P – Que balanço faz destes 30 anos da Associação de Jogos Tradicionais da Guarda?
R- Pode ser visto pela quantidade de actividades que se desenvolvem um pouco por todo o distrito, em torno das práticas lúdicas tradicionais. Rara é a festa ou a aldeia que não tem o seu torneio de jogos tradicionais. Por aí, penso que o balanço é muito positivo. Aliás, o facto de ter sido pioneira levou a que no distrito da Guarda se pratiquem jogos que praticamente não se praticam noutro ponto do país, como a raiola, o panco ou a luta de tracção com corda.
P – Qual a prenda que desejaria receber neste aniversário?
R – Pelo trabalho desenvolvido, a associação e a população da Guarda merecem ter um museu do jogo. Esta era a prenda que gostaria que a associação pudesse ter. Não que lhe fosse oferecido, mas que a associação pudesse ver reconhecido o seu trabalho no âmbito da recolha e no empenho que tem posto na construção de brinquedos. Este projecto já tem teias de aranha. Estamos a tentar arranjar apoios, porque não é um projecto que se compadeça com amadorismos, mas penso que o espólio que já conseguimos reunir merecia ser visto e disponibilizado às pessoas. Era importante que pudesse ser criado um museu em que as peças fossem apenas museológicas, mas que em simultâneo fosse um museu activo e que permitisse, por exemplo, às crianças contactarem com jogos num espaço onde fosse possível brincar.
P – Mas o que é que falta, em concreto, para que esse projecto se concretize?

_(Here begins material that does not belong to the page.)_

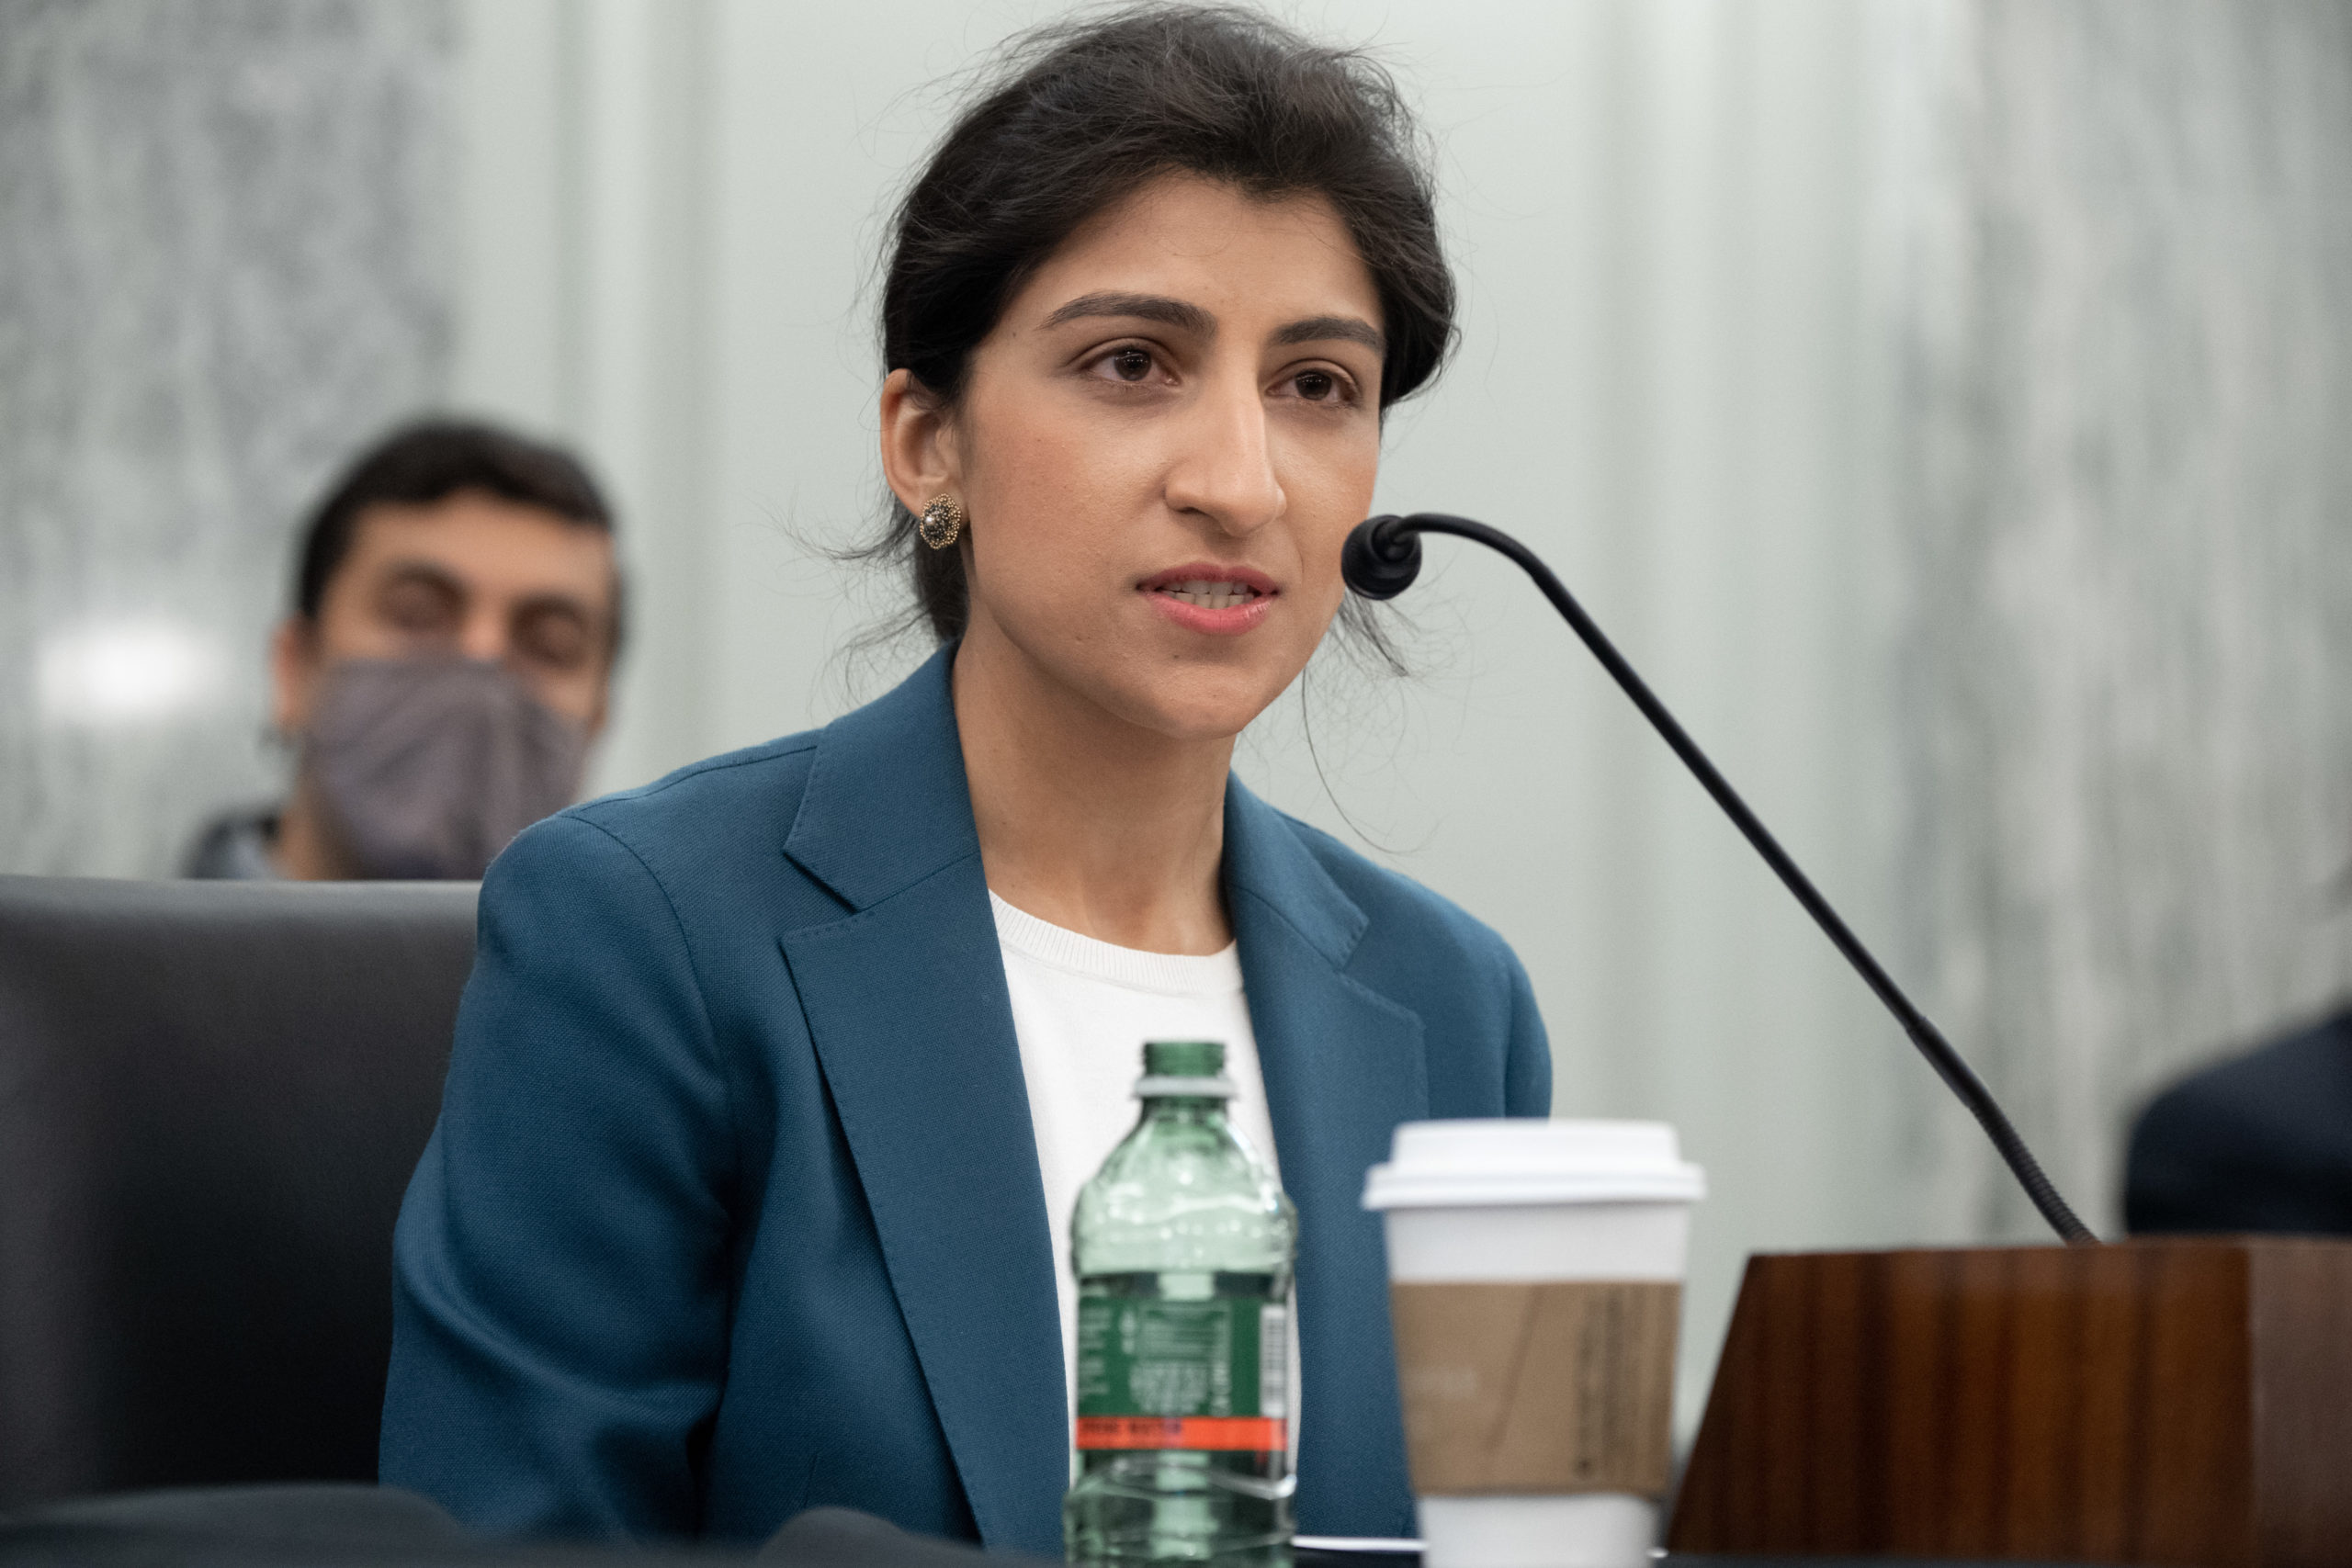 WASHINGTON, DC - APRIL 21: Lina Khan, then-nominee for Commissioner of the Federal Trade Commission (FTC), speaks at a Senate Committee on Commerce, Science, and Transportation confirmation hearing on Capitol Hill on April 21, 2021 in Washington, DC. Khan is an associate professor at Columbia Law School. (Photo by Saul Loeb-Pool/Getty Images)

R – Falta vontade política. Não é uma crítica a nenhuma instituição em especial, mas este adiamento é o resultado de uma aposta que os sucessivos governos têm vindo a fazer, de privilegiar o desporto de alto rendimento. O desporto de recriação foi progressivamente sendo ostracizado, sobretudo a partir do início da década de 90. Parece ter sido uma opção estratégica, que esqueceu que, sobretudo aqui no interior, algumas das nossas populações praticam essencialmente jogos tradicionais. Penso que é a altura de se olhar este tipo de intervenção social como uma possibilidade de travar o esvaziamento das aldeias. Se for possível os jogos tradicionais servirem para “viciar” os jovens, penso estarmos a cumprir o nosso grande objectivo.
P – Os jogos tradicionais continuam a ter muitos praticantes na região?
R – Menos do que já tivemos, mas mais do que seria espectável em função do esvaziamento do Interior. Hoje é impensável realizar-se uma actividade com o impacto que teria há 20 anos, pela desertificação e porque há “concorrência desleal” por parte de outros desportos. É hoje muito mais agradável a um adolescente poder praticar BTT ou escalada – porque estão na moda, como já estiveram os jogos tradicionais nas décadas de 80 e 90 –, do que estar uma tarde a jogar à malha. No entanto, continuam a desenvolver-se grandes actividades ligadas aos jogos tradicionais. Mas o que mais nos interessa não é que haja uma grande actividade, mas que haja centenas de pequenas actividades. Actualmente, o plano de actividades da associação contempla mais de 100 por ano, a decorrer entre Março e Outubro.
P – Que argumentos utilizaria para atrair um jovem do século XXI a praticar jogos tradicionais?
R – Há muitas formas de os atrair. Uma delas passa pela inclusão na escola de uma verdadeira disciplina de formação cívica. Quando se inclui, num programa escolar, uma disciplina de formação cívica, mas não se permite que nessa disciplina haja uma componente regional, em que cada região pudesse motivar os seus jovens para a recuperação das suas tradições, e quando um jovem de uma aldeia já não sabe o que é um arado ou uma charrua, é porque as coisas não estão a correr bem.